Hale & Hearty, the debut album by Heyward Howkins, is a carefully curated piece of work that exhibits a quiet string of songs reminiscent of Iron and Wine, Damien Jurado, and City and Colour. Howkins, who is best known for his work with The Trouble With Sweeney, uses his debut to explore his locale while maintaining an subtle pattern of melodies for listeners to follow.
The lyrics are quiet but not underwhelming. He layers his words with well-crafted arrangements that donʻt compete for listenersʻ attention. While some bands use their guitar riffs as overtones, highlighting the strength of their arrangements, Howkins instead prefers cohesion. His lyrics and sounds are complimentary and highlight the overarching theme of his album, which is that home isnʻt always something you have to run away from even if you feel like an outsider sometimes.

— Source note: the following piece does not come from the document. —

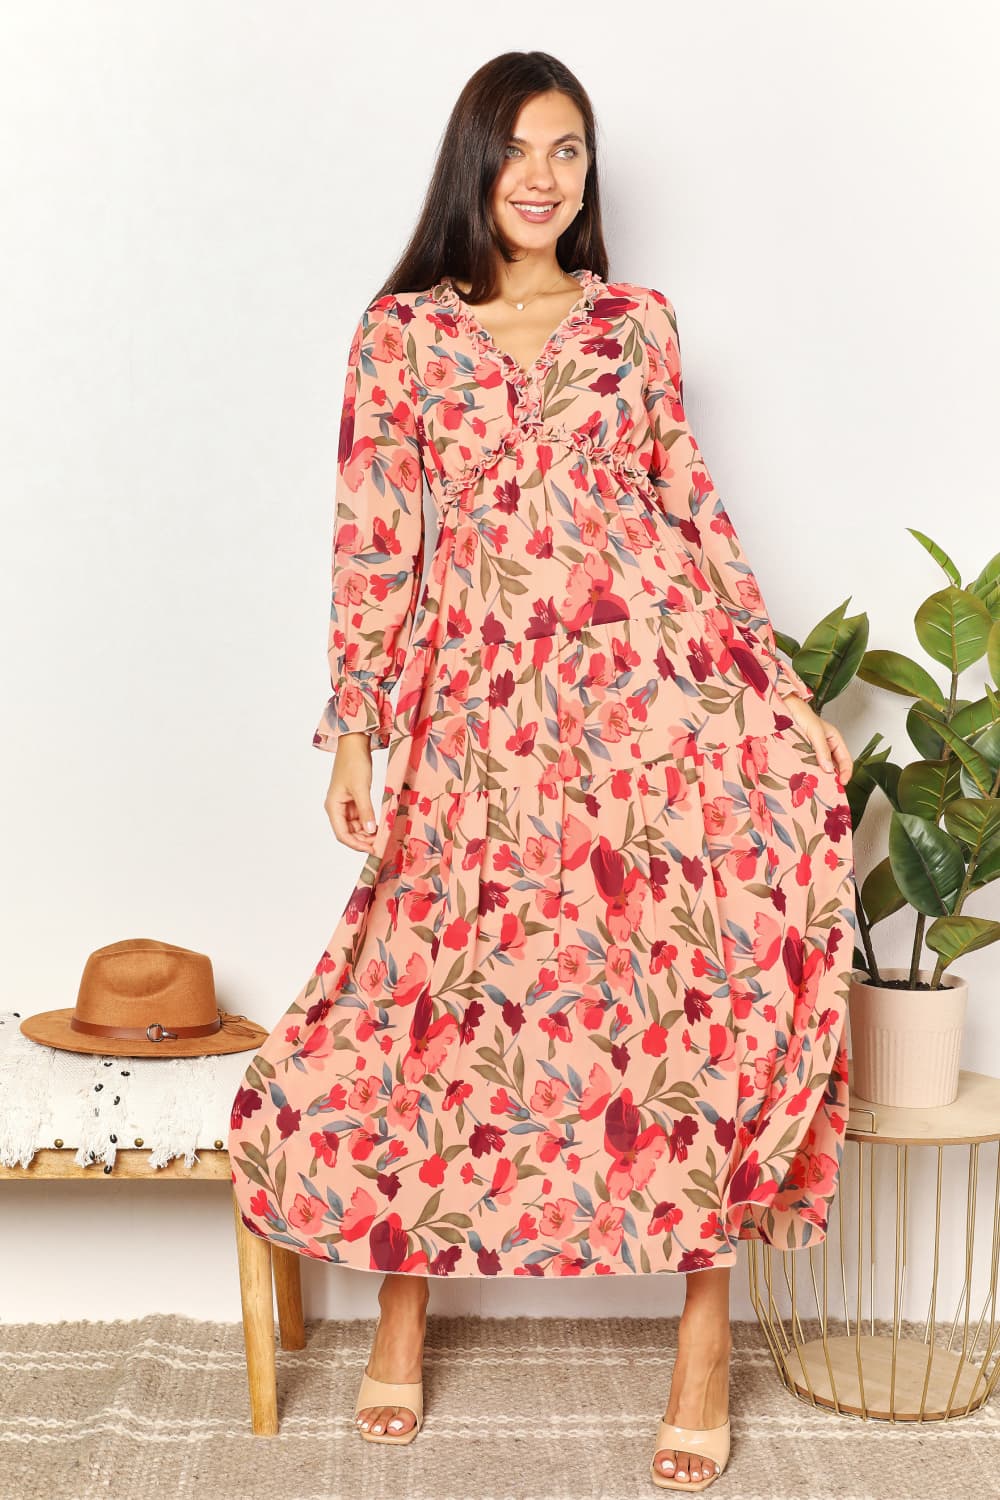 Double Take Floral Maxi Dress

Howkins, who is a founding member of the critically-acclaimed choral group The Silver Ages, shows the true depth of his experience in Hale & Hearty by using the groupʻs vocal workouts to his advantage. The range at which Howkins stretches his voice is impressive, and it coincides well with the variety of arrangements that are found throughout the album. From “Thunderinʻ Stop”, which builds slowly and steadily, to “Flash Mob”, which calls on a slightly faster beat and exhibits the height of Howkinsʻs voice, it is clear that the album reflects a certain diversity that is found in a relatively small portion of music.
As the album comes to a close, it becomes clear that Howkins has found his niche. He has worked to perfect a sound that is structured but not restrictive, complimentary but not formal. Although he possesses a plethora of experience, he has allowed himself to push beyond what he is accustomed to and experiment with new arrangements and lyrics.